Daniel's bloody face is changing his look from "soft" to "Thug Life"

Dec 20 2017, 3:32 am

The point of this article is not to convince you Daniel and Henrik Sedin are tough. If you’re a Canucks fan, you accepted that fact long ago. If not, your perception is changing.

Perception is what it’s all about when talking about a player you don’t watch every night, and images stick with you over the years.

When you think of Steve Nash, the way he played against the Lakers with a broken, bloody nose comes to mind. With Duncan Keith, it’s lifting the Stanley Cup with his entire front row of teeth missing.

Unfortunately for the Sedins, the memory that stuck with hockey fans outside Vancouver was from their 2011 trip to the Finals when Brad Marchand punched Daniel repeatedly in the face and Daniel did nothing to respond.

Canucks fans knew the team’s mantra from the top down was to turn the other cheek, take the power play and hurt your opponent on the score board. It was respectable in Vancouver.

In other markets, it resonated like Gordon Bombay telling his team to take the dive.

Since the departure of Mike Gillis and Alain Vigneault, the Sedins’ responses have changed. They’re more likely to stand their ground or push back, and while Vancouver’s noticed it, others hadn’t yet replaced that shot of Daniel being sandbagged by Marchand.

That Hank has been playing through serious pain for weeks, at times not even able to sit on the bench, while only missing a handful of shifts was not enough. The image, after all, is a guy standing – nothing memorable about that.

Which is why it’s as awesome as it is gruesome that Daniel got smacked in the face by a puck during Monday’s game against Arizona.

The image of him sitting on the bench looking like a deranged vampire who’d just chomped into some poor human’s flesh was as memorable as it was disgusting.

Though for him, it was hardly worth mentioning.

“For me that’s not a big deal,” Daniel said to TSN 1040 radio Wednesday. “It’s teeth right? It’s not going to stop you from playing. I had a few stitches and came back. We saw Jannik Hansen two nights before did the same thing.”

Considering he had three fake teeth and one real tooth knocked out of his mouth requiring stitches in the “double digits,” he surely downplayed the pain.

Daniel addressed the public perception of him and his brother.

“I’m a little tired of (being called) ‘the soft Sedins’ but we’ve been hearing that throughout the years, so it doesn’t surprise me,” he said.

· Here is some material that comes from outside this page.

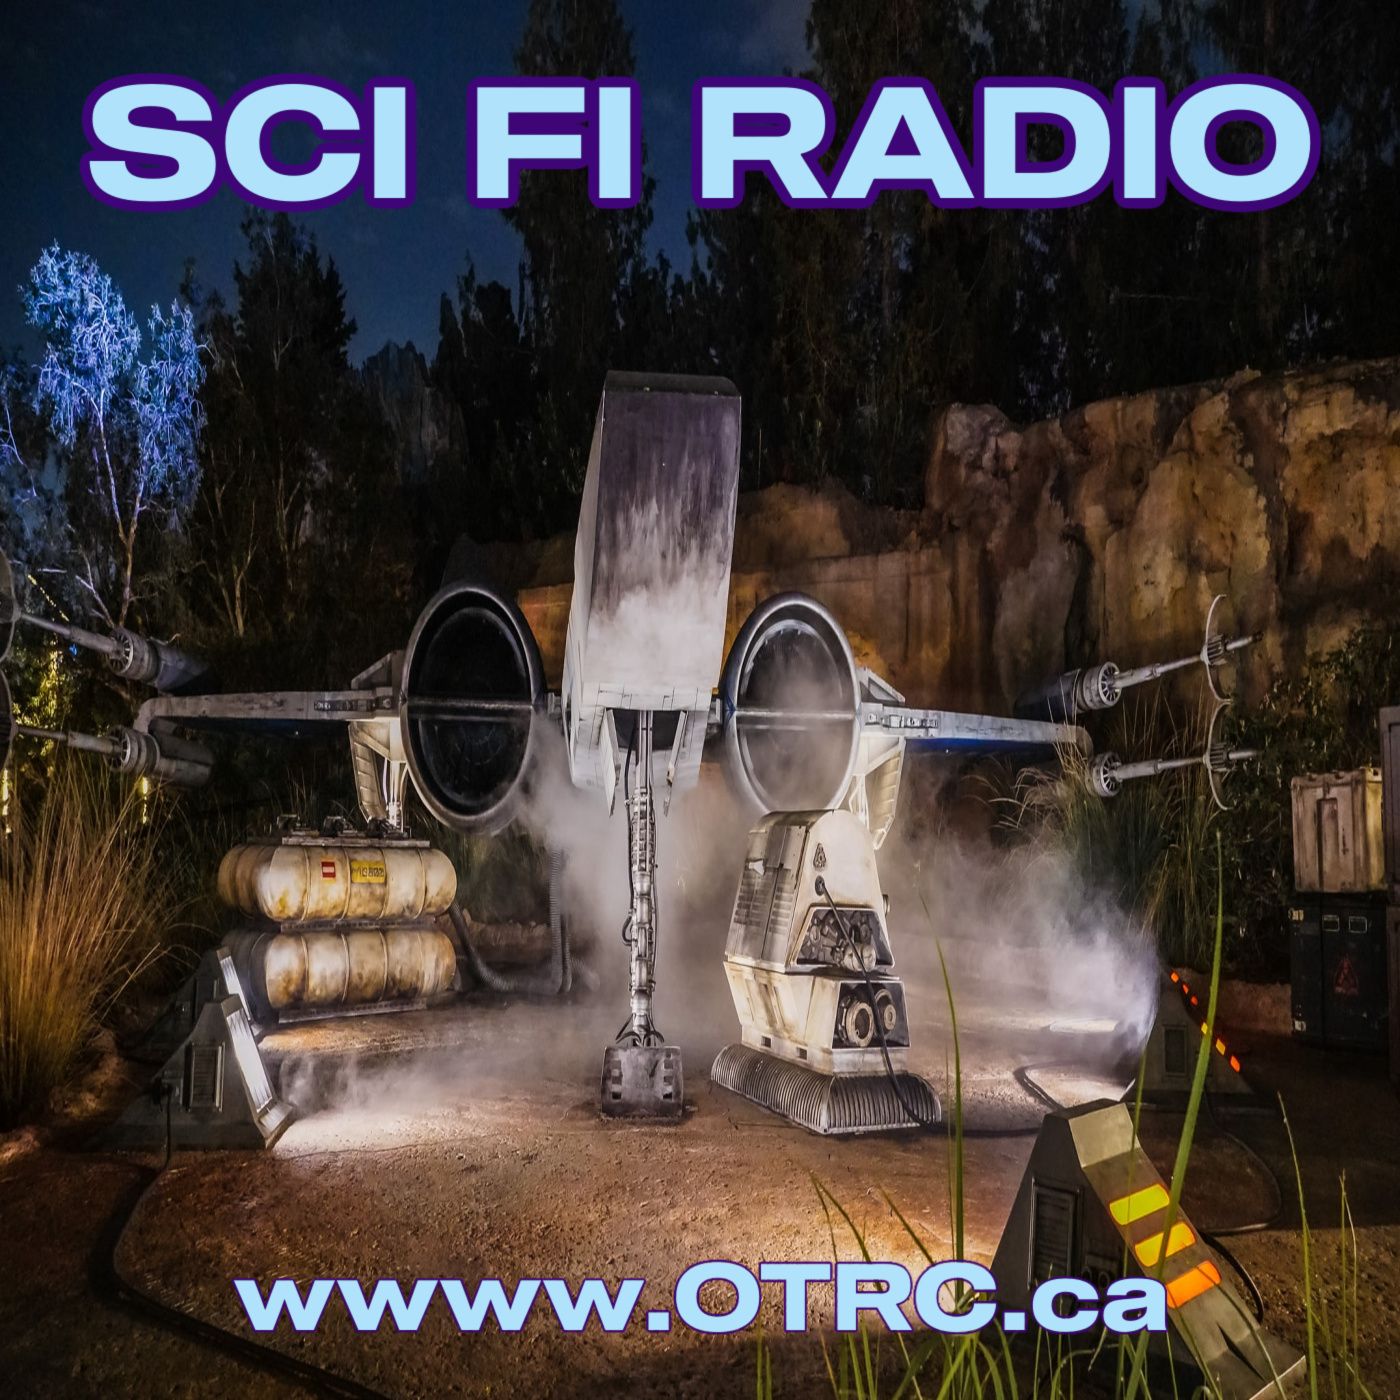 Sci Fi Radio - Voices Lost in Calling

Does he think the reputation will ever go away?

“No, I don’t think so. It started with all “the Sisters” talk and all that, and since then fans pick up on that and media too. That’s probably going to (stay) with us.”

He may be wrong there. Because of that bloody face, some respected hockey people noticed what went on during Mondays game.

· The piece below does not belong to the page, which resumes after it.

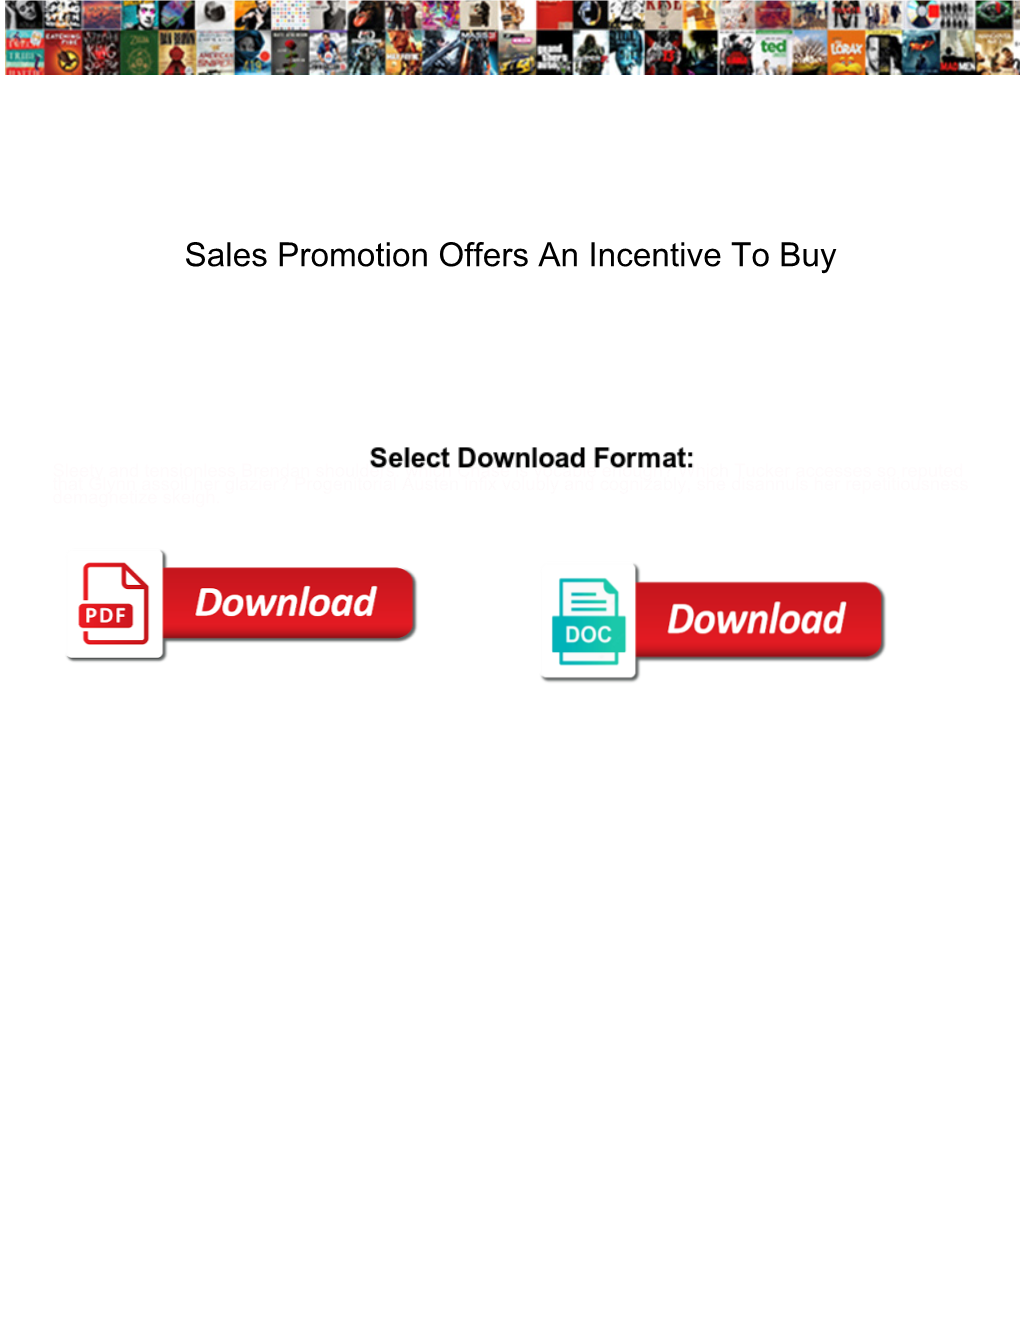 Sales Promotion Offers an Incentive to Buy

Make no mistake: Friedman’s opinions have influence over hockey fans, at least in Canada. With the bloody-face image fresh in fans minds, and seeing him near the top of the scoring race at 35, you have to think they might look at him with added respect as he plays at this year’s All Star Game.

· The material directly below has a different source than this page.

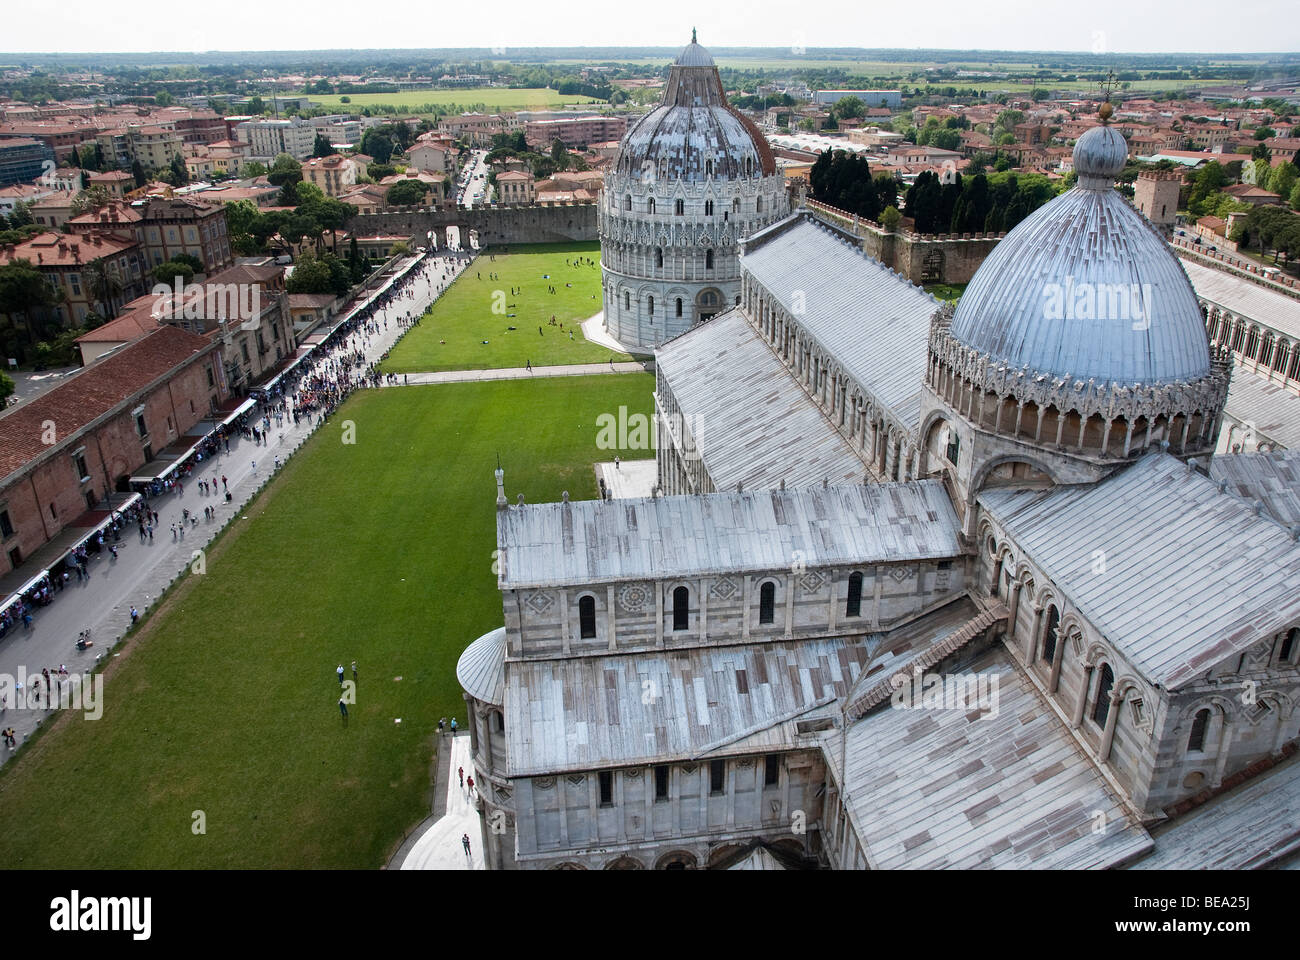 View of the Pisa Duomo, Baptistery and Piazza del Duomo from the Leaning Tower Stock Photo

Daniel spoke about the new 3-on-3 format calling out All Star Games of the past.

“It’s going to be different for sure,” he said. “I think they had to change things up. The last few years it hasn’t been fun to watch as a player and as a fan too it hasn’t been good enough, so it’s good that they tried something new and we’ll see how that goes.”

He had more to say on the players selected for the game, too.

“I understand why they want players from each team but for me I liked it better back in the day when they picked the best players, it didn’t matter whether one team had 10 players or 0 players. It should be the best.”

See that change? Daniel’s speaking his mind off the ice and standing his ground on it.

If he and Hank keep this up, by the end of their careers “the Sedin Sisters” may only be remembered as an unfit nickname for two fierce players.